2010-04-30 21:44:28 | Weblog
最近ニューズウィーク日本版を買う比率が増えている。5/12 号はメインの「不況に勝つ反流行のラグジュアリー」もさることながら,「『1億人増』で元気な未来」という1ページのコラムが面白かった(著者は米チャップマン大学都市未来学フェローのジョエル・コトキン氏)。

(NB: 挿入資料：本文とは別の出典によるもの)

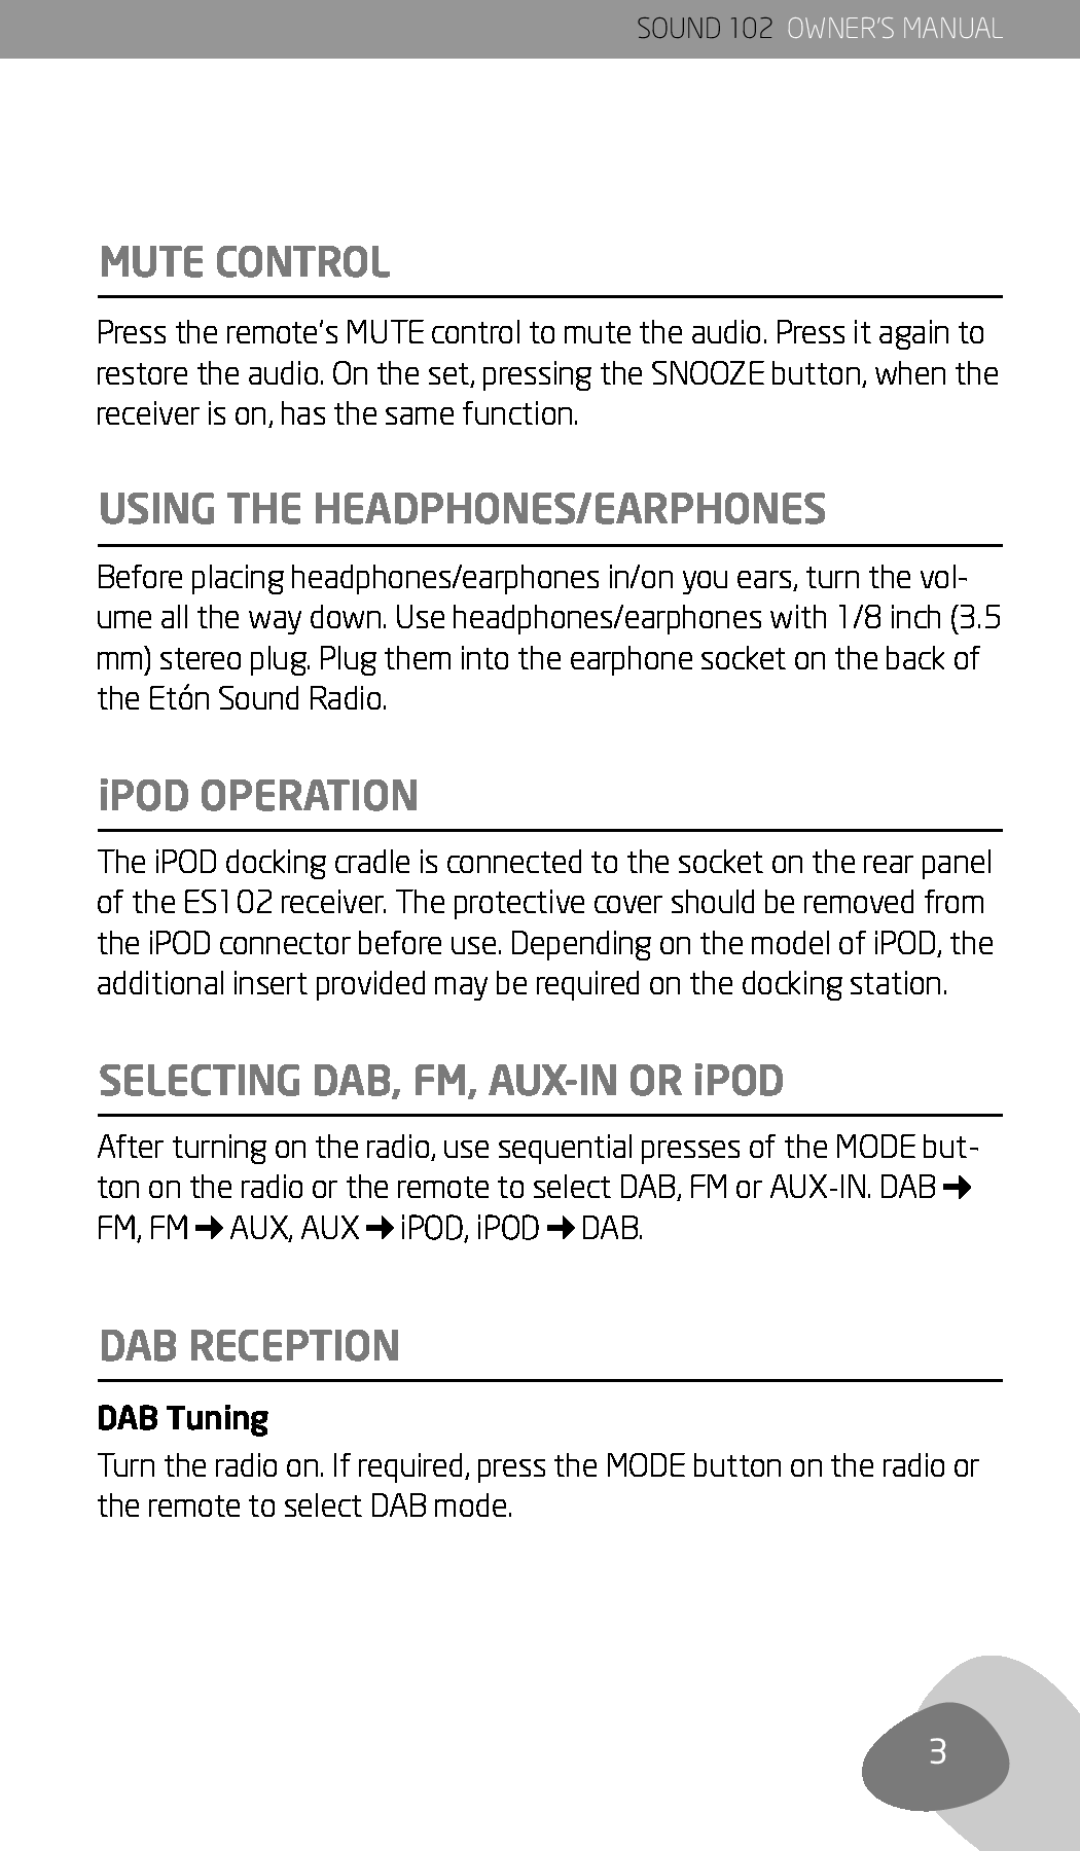 Eton 102 Mute Control, Using The Headphones/Earphones, iPOD OPERATION, SELECTING DAB, FM, AUX-INOR iPOD, Dab Reception

それによると・・・

・2050 年までに米国の人口は1億人増えて4億人になる。
・そのとき 65 歳以上の高齢者は人口の5分の1に。
・韓国,台湾,シンガポールの高齢者は人口の3分の1に。
・中国では人口の 30% が60 歳以上になる。
・2000~50 年,15~64 歳人口は米国で 42% 増加する。
・同時期中国は 10% 減,欧州は 25% 減,日本は 44% 減。

こうしたトレンドはすでに広く知られているのかもしれないが,ぼくには驚きだった。つまり,これからは中国の時代だとかインドの時代だと喧伝されているが,数十年もすれば若い労働力が最も溢れる地域は米国になるということなのだ。そこに Apple や Google に代表される革新性が結びついたら・・・。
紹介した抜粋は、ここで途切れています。